Reading Tracking Data that you wish to aggregate prior to testing

internal class SailfishReadInBeforeAndAfterDataHandler
: IRequestHandler<ReadInBeforeAndAfterDataRequest, ReadInBeforeAndAfterDataResponse>
{
public async Task<ReadInBeforeAndAfterDataResponse> Handle(
ReadInBeforeAndAfterDataRequest request,
CancellationToken cancellationToken)
{
// When you return the data, you are also required to
// provide an IEnumerable<string> that represents the files that were used.
return new ReadInBeforeAndAfterDataResponse(
new TestData(dataSourcesBefore, beforeData),
new TestData(dataSourcesAfter, afterData));
}
}

If you inspect the TestData source code, you will find that it takes an IEnumerable of test Ids, which are intended for you to keep track of which processed files were used in the statistical test.
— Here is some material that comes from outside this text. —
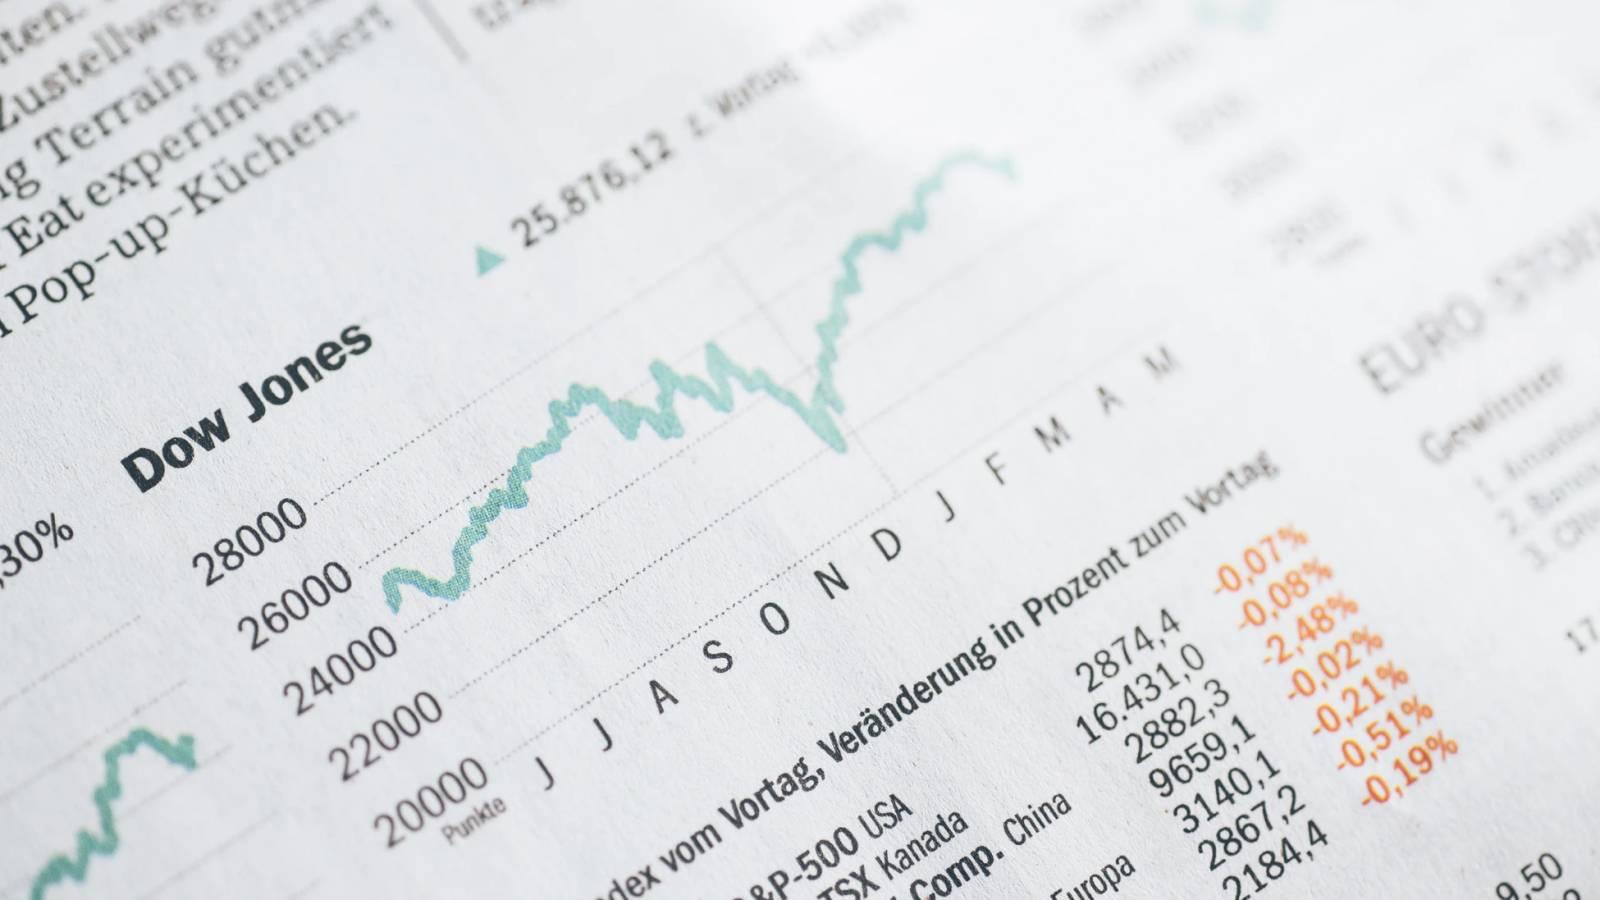 วิธีการตรวจจับ outlier ง่ายๆด้วยโปรแกรม Excel

SailDiff will automatically aggregate data when multiple files are provided.

Which SailDiff Test should I use?

The default — WilcoxonRankSumTest (Mann-Whitney U) — is the right choice for almost every Sailfish use case. It compares two independent samples (separate benchmark runs), doesn't assume normality, and is robust to the positive skew typical of timing data.
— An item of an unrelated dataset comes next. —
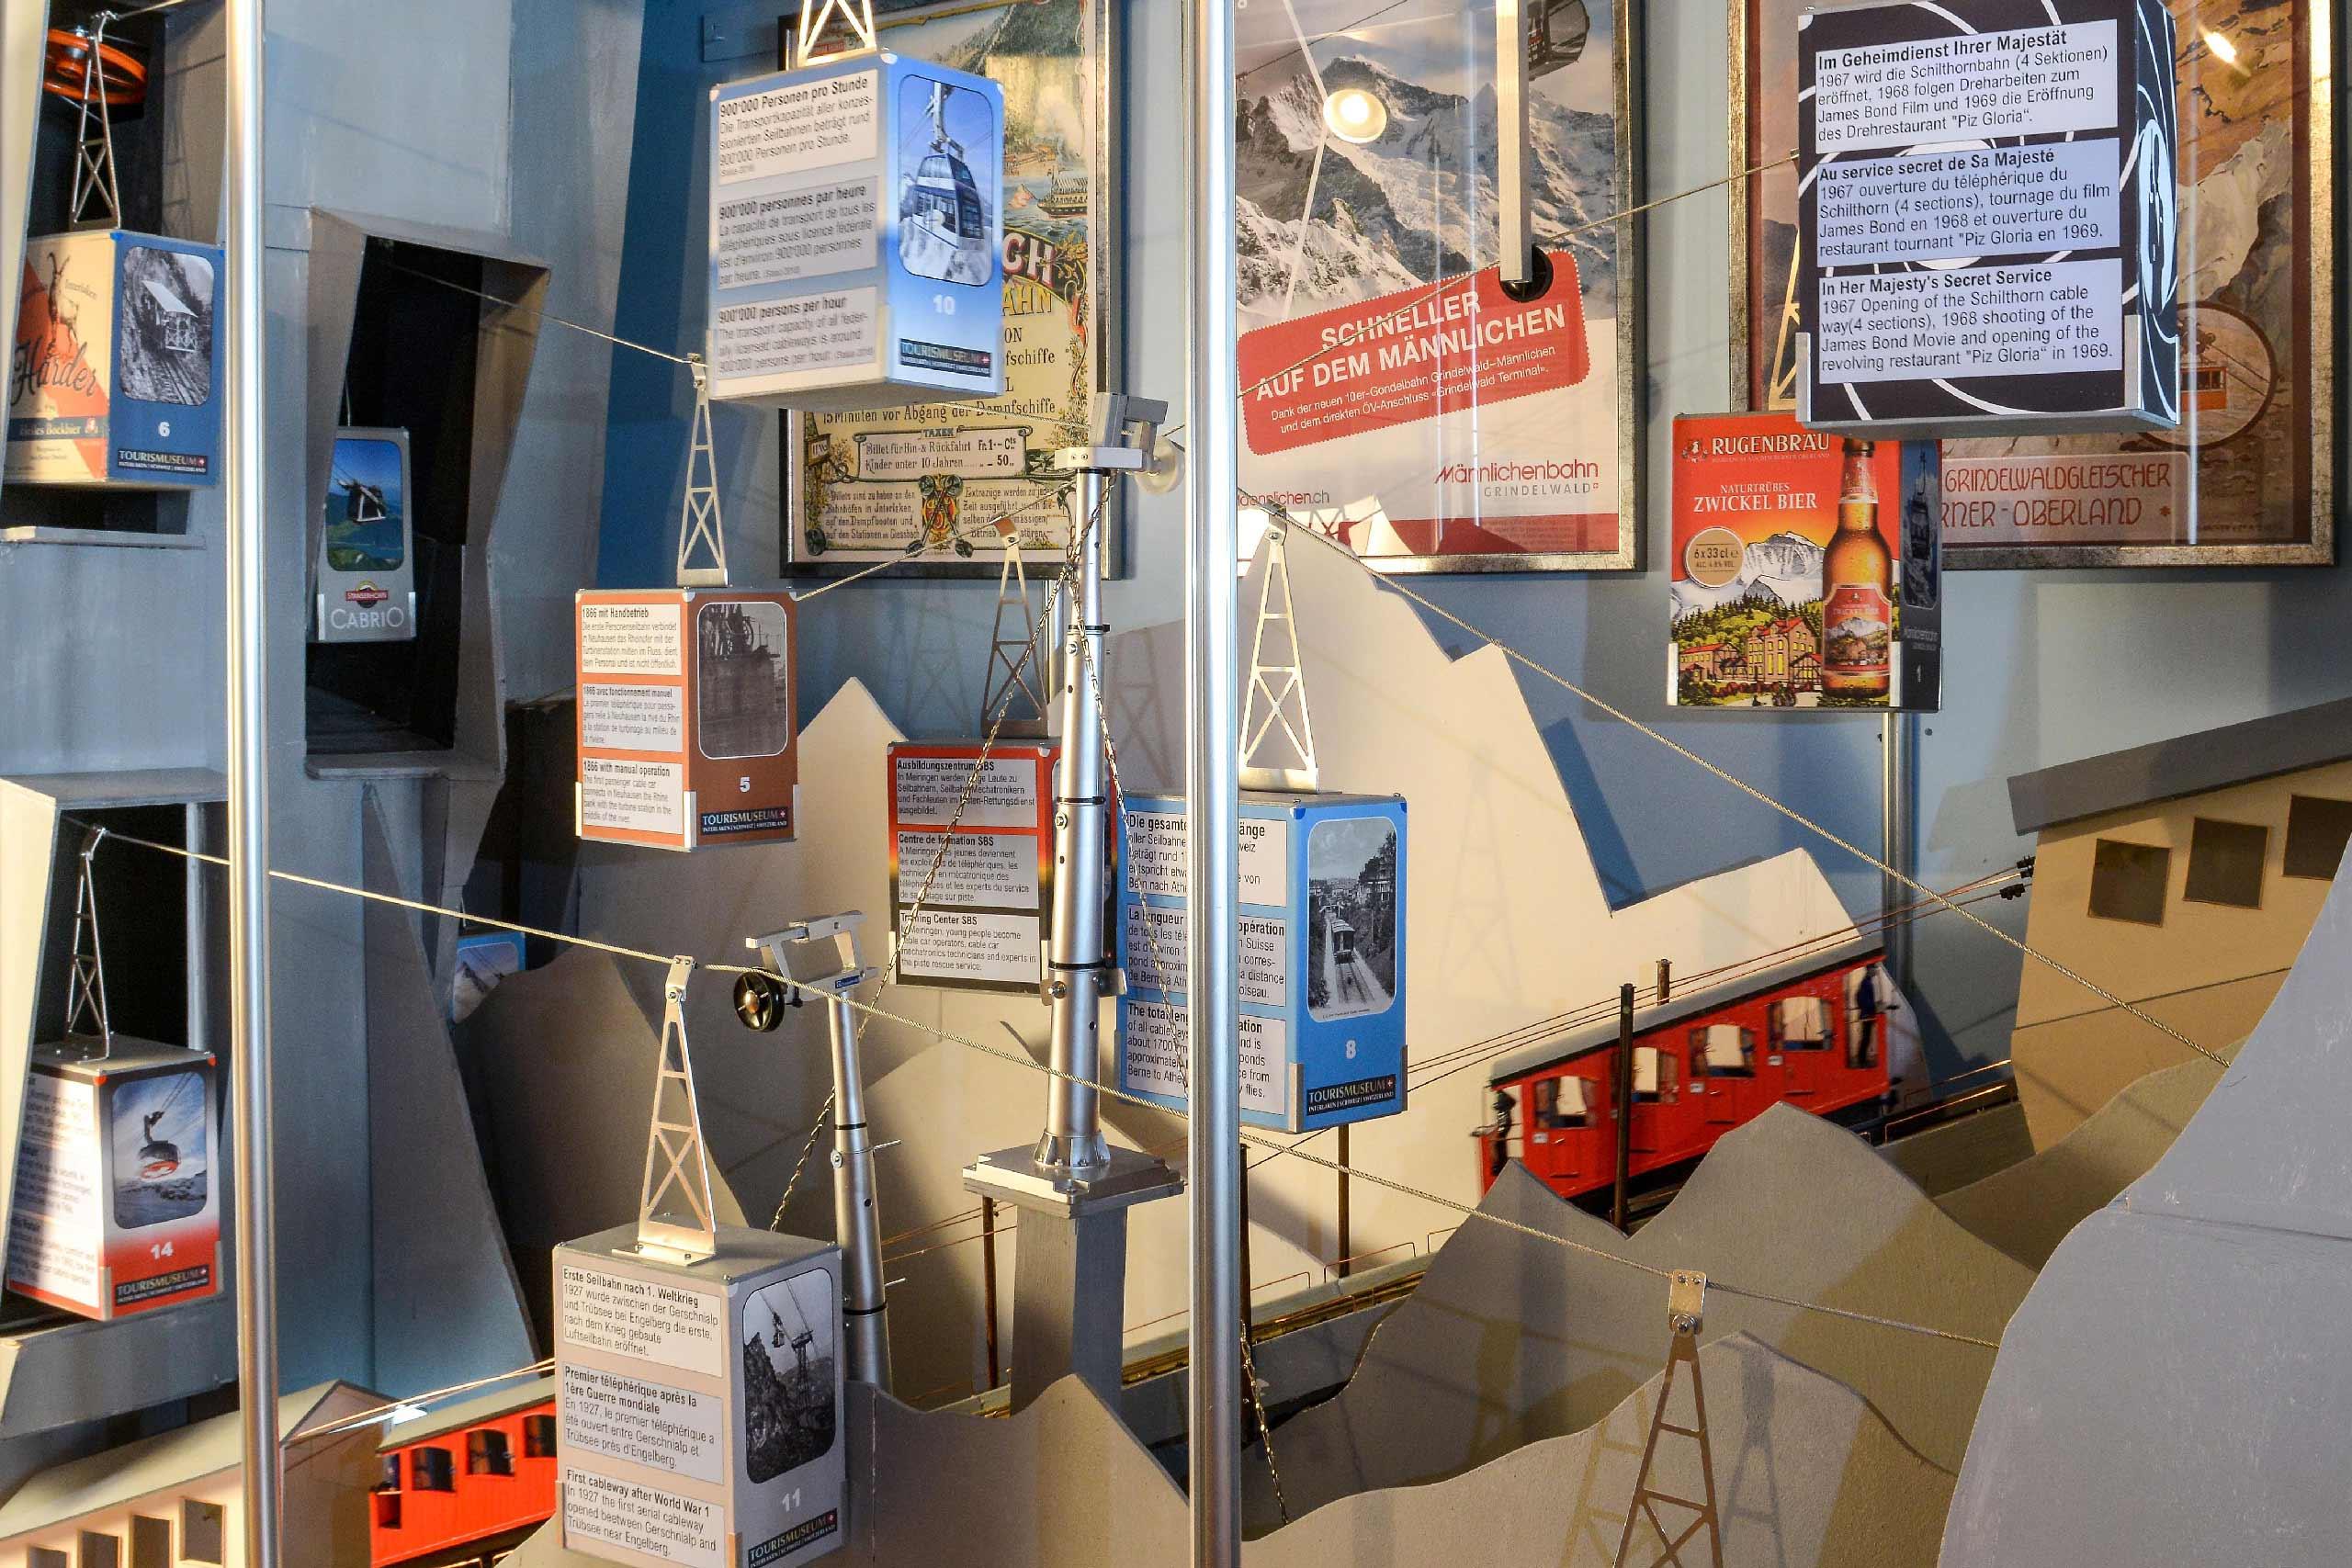 tourismuseum-seilbahn-modell-vitrine.jpg

Use a non-default test only when one of the following applies:

  • Test (Welch's t-test) — when you specifically need a CI on the mean difference (rather than a stochastic-dominance statement), and either your N is large enough for the CLT to apply (~30+ per side) or your timings are already log-transformed.
  • KolmogorovSmirnovTest — when you suspect the shape of the latency distribution has changed (bimodal latency from a new code path, regime shifts, tail blow-ups), not just its location. KS is less powerful than rank-sum for pure shifts, so don't use it as a general default.
  • TwoSampleWilcoxonSignedRankTestonly when your data is genuinely paired by experimental design (same input, same iteration index in a deterministic harness, or repeated measures on the same subject) and you control the pairing. Independent benchmark iterations are not paired; using signed-rank on unpaired data produces invalid p-values.